Writing WHO You Know

One of the most common pieces of writing advice out there is ‘write what you know’. I’m going to go off on a tangent from that concept to discuss writing who you know.

In reviews of DEAD, WITHOUT A STONE TO TELL IT, there are always comments about the main characters, Trooper Leigh Abbott and Dr. Matt Lowell, and the chemistry they share. But the second most frequent comment is about the book’s secondary characters.

From Amazon.com:

The book is true to the teacher/student relationship. I love the way Matt taught his students, trusting them and respecting them but also protecting them where he needed to. As a teacher, I can say it felt...right, to me. I liked that none of the relationships fell back on stereotypes.

From Goodreads.com:

There is a dynamic cast of secondary characters that add depth and humor to the storyline.

One of the things I’ve always enjoyed about J.D. Robb’s ‘In Death’ series is the large cast of secondary characters that surround the leads and how those characters were given time to grow and develop, and sometimes earn substantial storylines of their own. I always wanted to have that kind of feel within the Abbot and Lowell Forensic Mysteries series.

As a bench scientist for more than 20 years, I’ve had students come and go from our lab. Some passed through quietly, but a number of them made strong impressions on me. When it came to developing characters to back up forensic anthropologist Dr. Matt Lowell, I took advantage of being able to write the characters I knew.

Take Matt’s senior graduate student – Akiko Niigata, or Kiko as she is usually called. Without a doubt, Kiko is the fictional version of one of my best grad students, Vera. Like Vera, she is strong, has a wicked sense of humour, doesn’t suffer fools gladly, is skilled in martial arts, and is a fantastic artist. We always used to tell Vera that she needed to find a way to combine her dual skills in science and the arts, perhaps by illustrating textbooks or journal articles. In Kiko, we have an osteologist and forensic anthropologist-in-training who uses her artistic skills to offer accurate crime scenes sketches for the team, and to provide 2D and 3D skull reconstructions of victims. The name I gave this character is also an inside joke, and my labmates from that time will remember exactly who the infamous Akiko is.
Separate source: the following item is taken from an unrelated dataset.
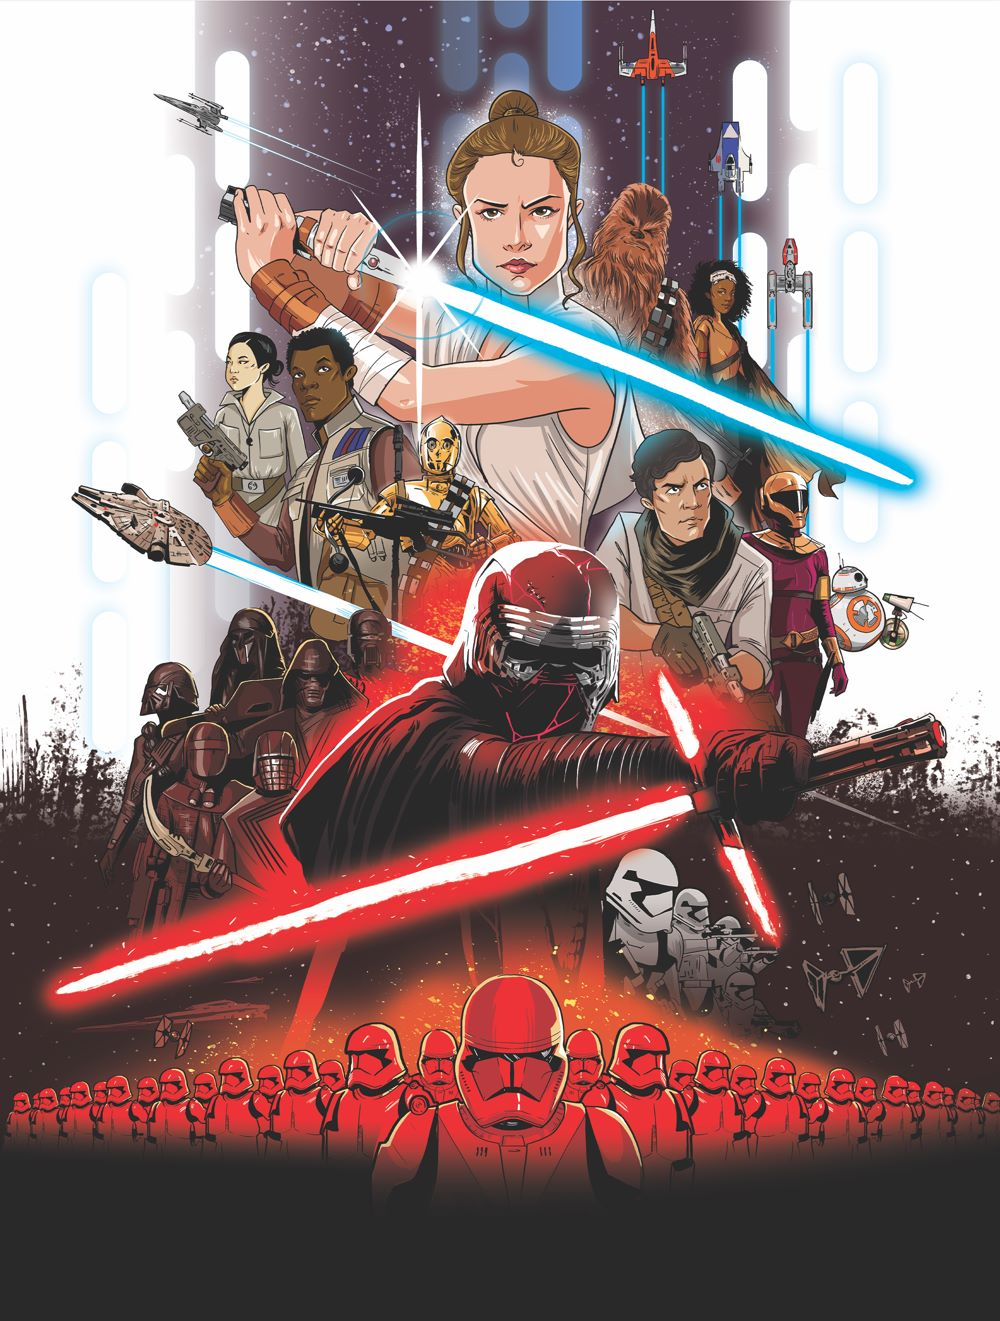 SW_RiseOfSkywalker_Cover_V3 ComicList Previews: STAR WARS THE RISE OF SKYWALKER GN
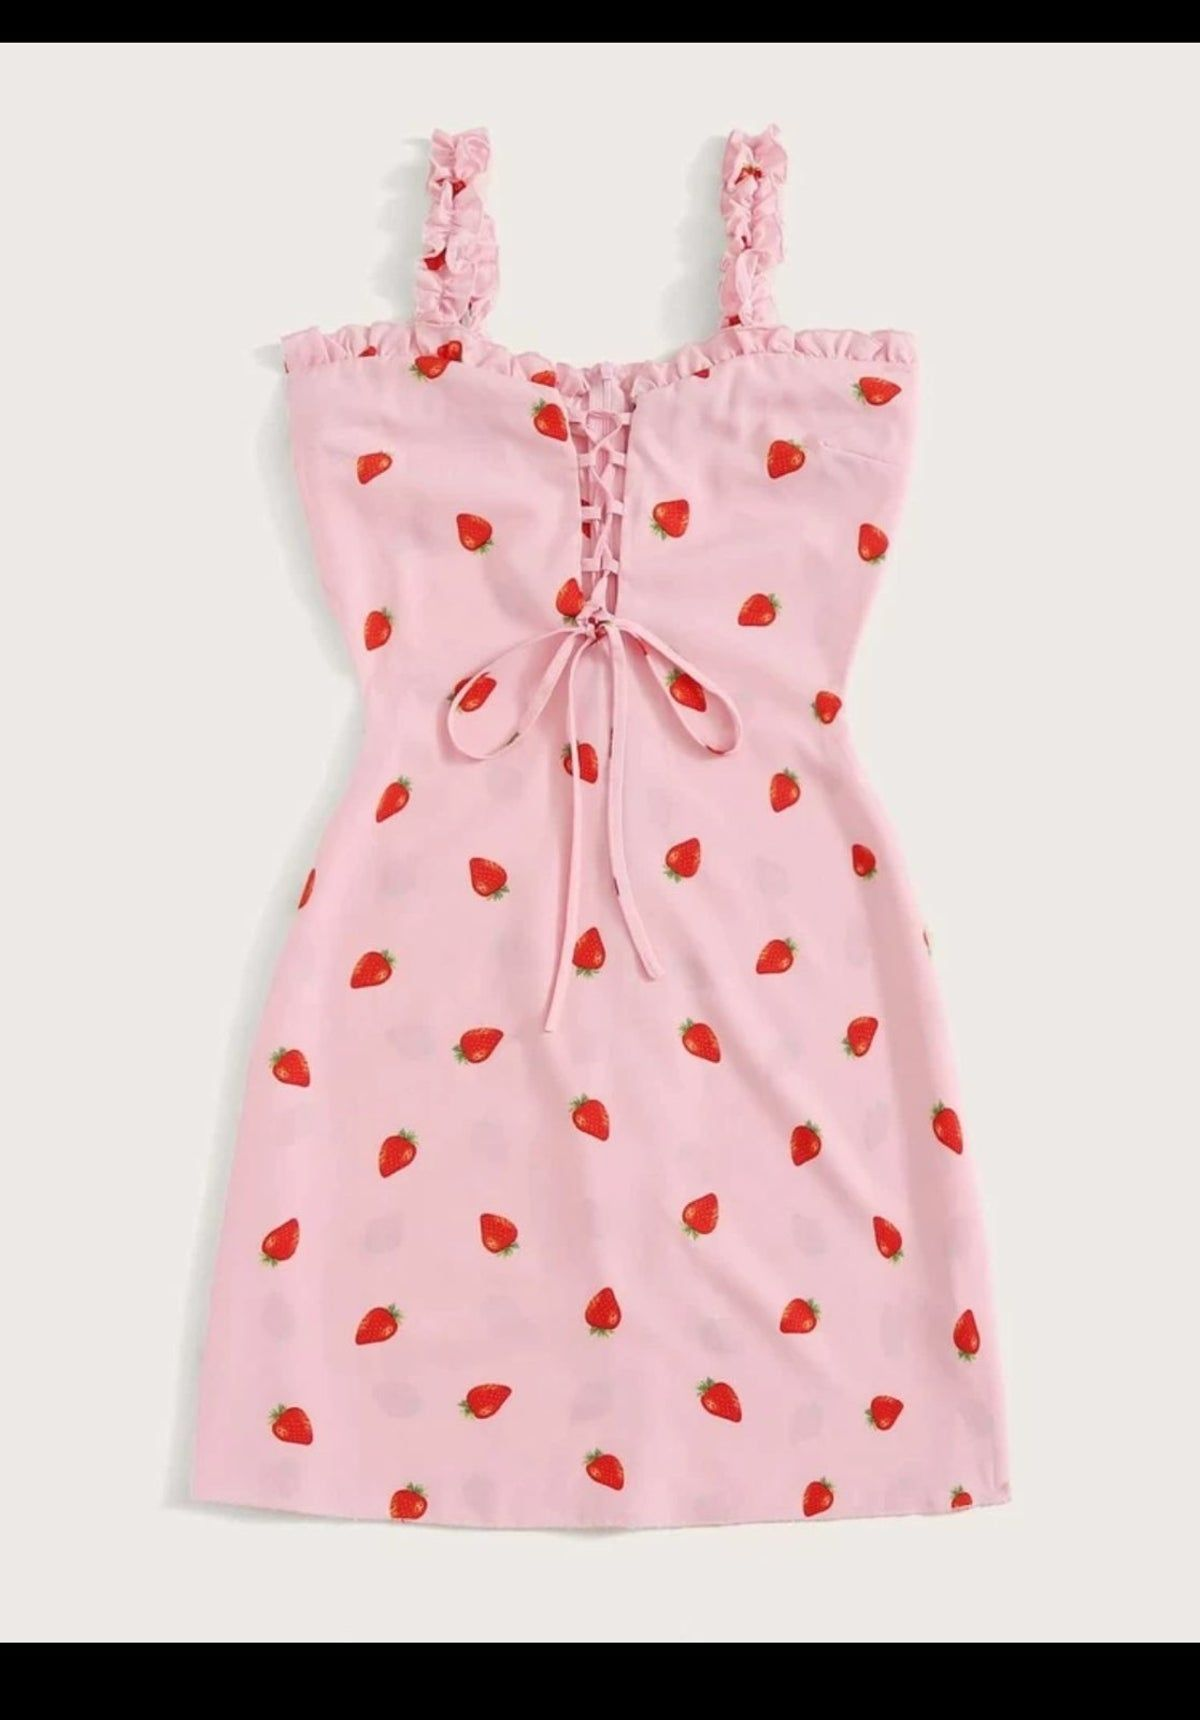 Strawberry Dress Fashion Girls Fashion Clothes Kawaii Fashion Outfits [ 1720 x 1200 Pixel ]

Some grad students in the fictional series are a compilation of past real-life students. Another successful Ph.D. student, Dusan, provides character Paul Layne with his sense of humour and ability to ‘stir the pot’ (especially with the girls in the lab).

The relationship that Matt has with his grad students is really the relationship that I enjoyed with mine. Adults in their own right, these were skilled young men and women who had give-and-take relationships with their trainers, and that aspect is reflected in these characters. The grad students in the series bring their own individual skills to the group, and it’s the combined talents of the two leads and the three students that truly make the team successful in their investigations.

Writing who you know has the advantages of grounding characters in your head and giving you a spring board. While you won’t write your characters exactly as you know real people in your life, you can take aspects of their personalities that strike you as quirky, stubborn or resiliant, and build those into your fictional characters. This isn’t cheating; it’s using the world around you to your advantage. If you’re having trouble finding dynamic characters to write about, instead of falling back on familiar tropes, trying drawing from your own life experiences. You may be pleasantly surprised by how real your characters will seem, and how they will jump off the page for both you and your readers.